REQUIRED WORK:
In the records below, find the line that contains "Celebration - Ronaldo T-Shirt" and the line that contains "free-printable-number-9-nine-worksheets-for-kids-pdfs-brighterly", then retype exactly those two lines and every line between them.

Start of Block

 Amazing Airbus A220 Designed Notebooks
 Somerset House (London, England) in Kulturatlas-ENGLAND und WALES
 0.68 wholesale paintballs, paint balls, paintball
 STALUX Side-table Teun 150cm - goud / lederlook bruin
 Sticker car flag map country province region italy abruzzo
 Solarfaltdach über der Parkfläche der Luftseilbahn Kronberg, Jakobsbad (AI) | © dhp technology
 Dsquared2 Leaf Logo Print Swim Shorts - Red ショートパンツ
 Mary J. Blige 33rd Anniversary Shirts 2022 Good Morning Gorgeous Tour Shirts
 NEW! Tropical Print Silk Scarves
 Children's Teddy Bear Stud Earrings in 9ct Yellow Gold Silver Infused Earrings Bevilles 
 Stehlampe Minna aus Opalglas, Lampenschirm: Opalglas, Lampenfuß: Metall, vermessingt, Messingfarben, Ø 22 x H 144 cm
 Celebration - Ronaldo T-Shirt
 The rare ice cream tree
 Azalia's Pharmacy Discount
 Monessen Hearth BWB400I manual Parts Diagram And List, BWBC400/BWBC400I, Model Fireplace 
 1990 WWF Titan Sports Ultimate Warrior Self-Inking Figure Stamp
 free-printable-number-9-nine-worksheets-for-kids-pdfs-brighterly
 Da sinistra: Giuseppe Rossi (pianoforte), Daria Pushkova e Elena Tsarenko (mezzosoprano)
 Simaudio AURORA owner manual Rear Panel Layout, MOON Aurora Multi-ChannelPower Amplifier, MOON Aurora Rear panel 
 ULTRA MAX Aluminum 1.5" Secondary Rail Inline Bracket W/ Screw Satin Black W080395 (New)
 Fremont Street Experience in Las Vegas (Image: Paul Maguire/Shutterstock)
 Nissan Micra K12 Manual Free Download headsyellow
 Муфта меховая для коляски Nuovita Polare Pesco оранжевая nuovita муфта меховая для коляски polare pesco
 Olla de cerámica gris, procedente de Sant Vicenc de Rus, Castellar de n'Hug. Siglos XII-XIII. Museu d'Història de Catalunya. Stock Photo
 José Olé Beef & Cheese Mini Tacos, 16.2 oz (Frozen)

End of Block

RESPONSE BELOW:
 Celebration - Ronaldo T-Shirt
 The rare ice cream tree
 Azalia's Pharmacy Discount
 Monessen Hearth BWB400I manual Parts Diagram And List, BWBC400/BWBC400I, Model Fireplace 
 1990 WWF Titan Sports Ultimate Warrior Self-Inking Figure Stamp
 free-printable-number-9-nine-worksheets-for-kids-pdfs-brighterly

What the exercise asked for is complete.